A journey through grief with autism.

Alan Greenwell

2-Minute Read

Tam

The past week has been a good one. Starting Monday to Friday morning Tam slept exceptionally well for 3 out of the 4 nights. Down early and up early but solid uninterrupted sleep. It was absolutely brilliant. I felt rested, and he looked much more rested.

This was the first full week of me not being Tams escort as well. I basically have a couple of more hours to get things sorted every day. With Tam sleeping it felt like I had a lot of time to get tidied up and get some proper cleaning done. Only one of the days did I feel the need to get some sleep.

The only downside in the past week was that it is now not a good idea to take Tam into town. All of the christmas decorations are up in the high street and shopping centre. I took him in briefly not realising that and I could feel Tam as tense as could be. He went into HMV and came out within minutes. He was basically cowering and saying happy christmas in a sarcastic tone. I managed to get him onto the outskirts of town away from decorations before he lost it and had a meltdown.
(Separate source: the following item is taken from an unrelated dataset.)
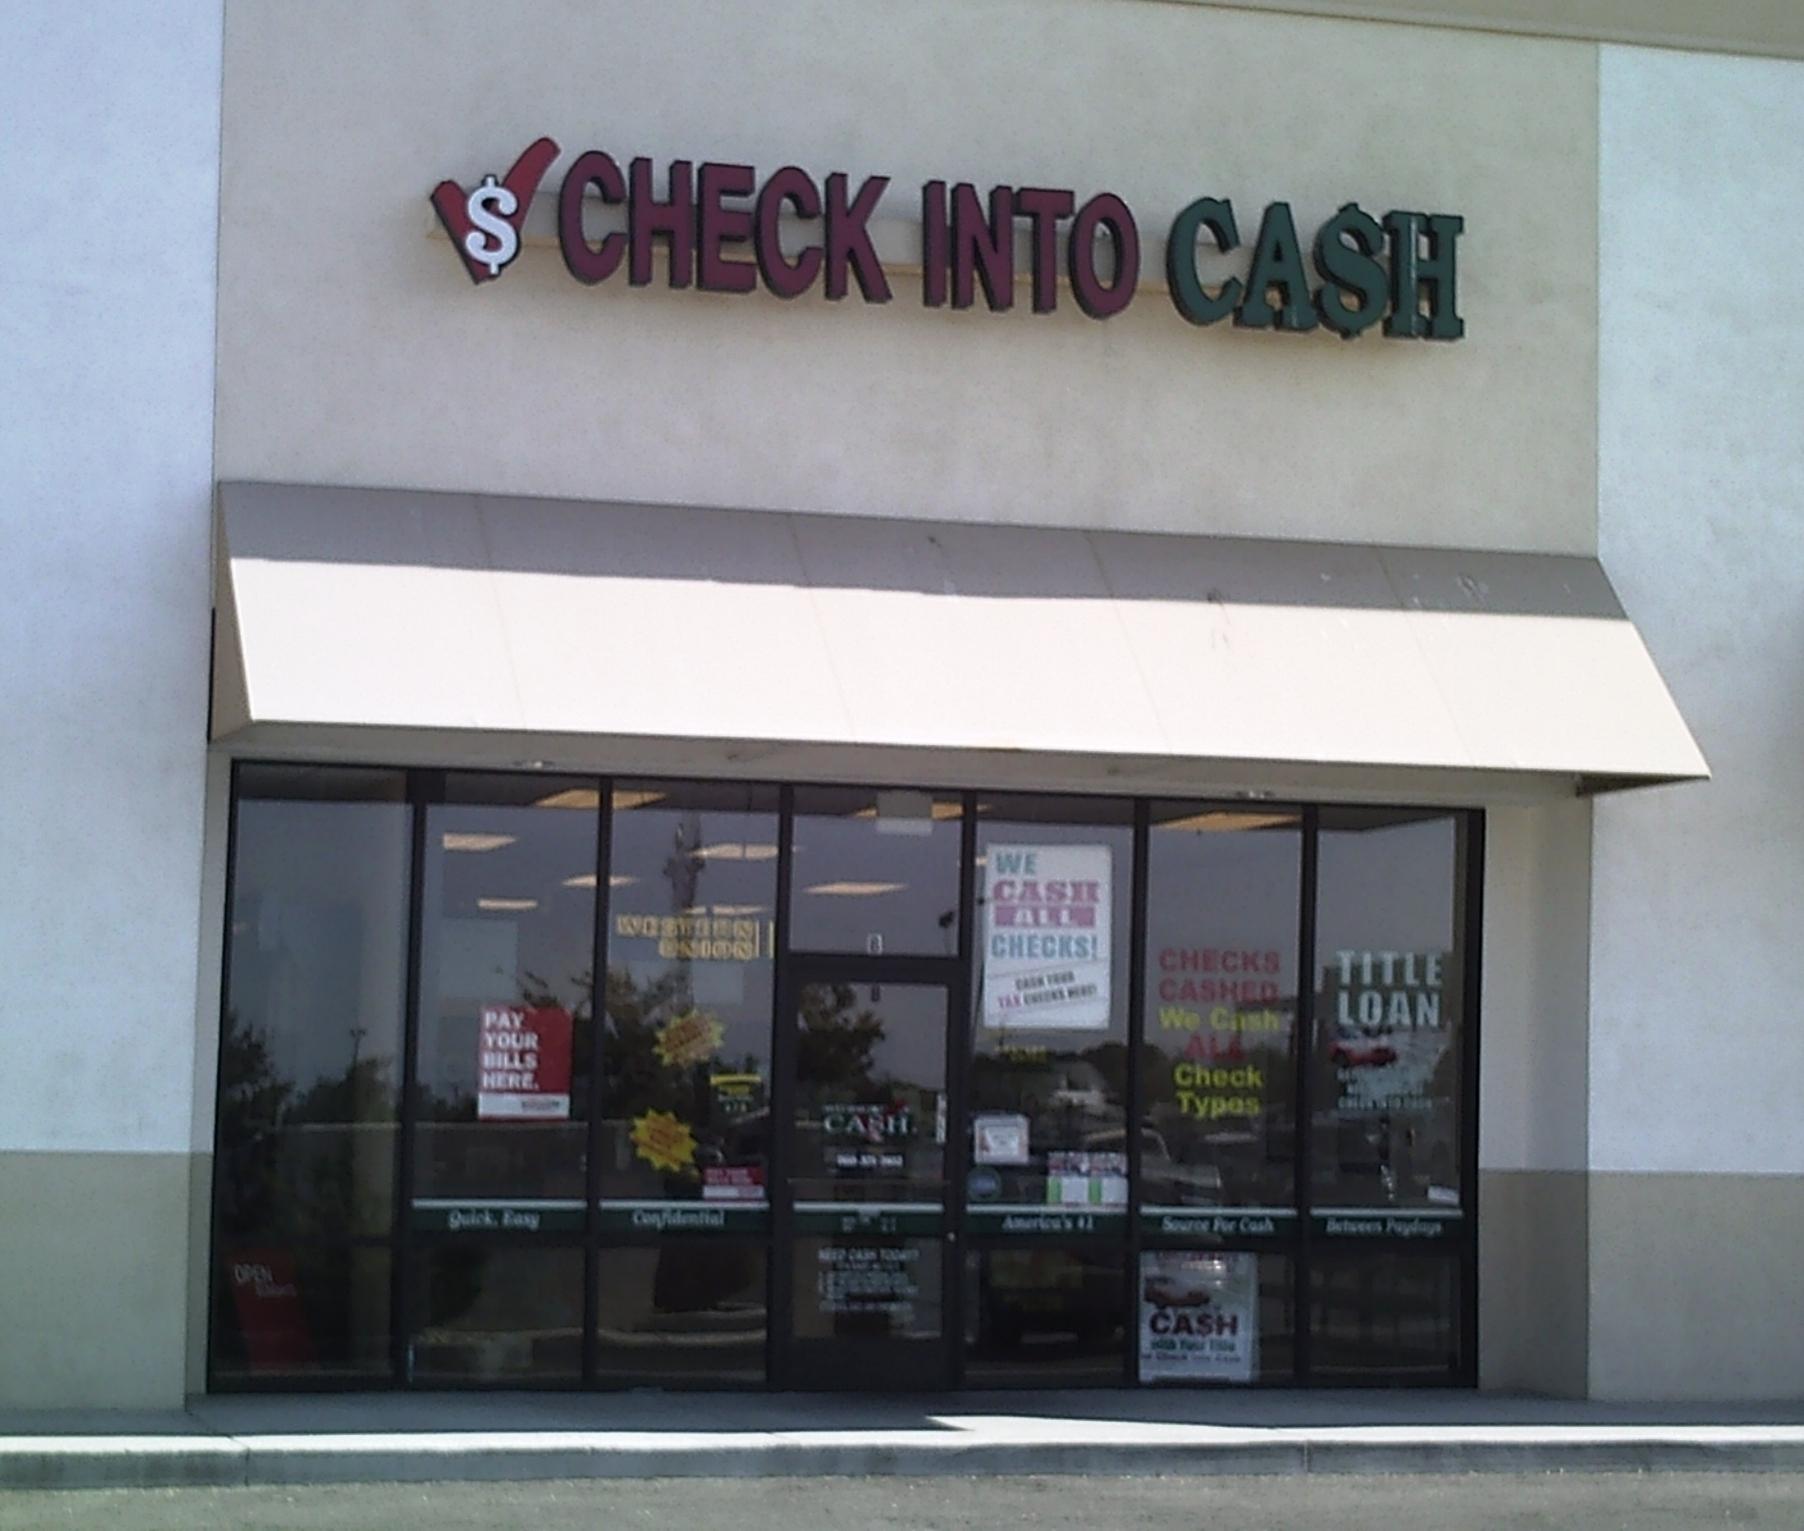 Personal cash loans to your door photo 9

The tears really flowed. We spent half an hour sitting and cuddling with his head buried in my shoulder before I could get him walking again. He only properly calmed down after we had been home for a couple of hours. No more going into town with him until the end of January next year.

I have no idea how long it will take before Tam can appreciate christmas again.

So in all a good week. For the first time I have felt like we have progressed to a truly better place, still with a huge hole in our lives, but a better place.

Note : I intentionally spell christmas with a small c to place the importance of the day where it belongs.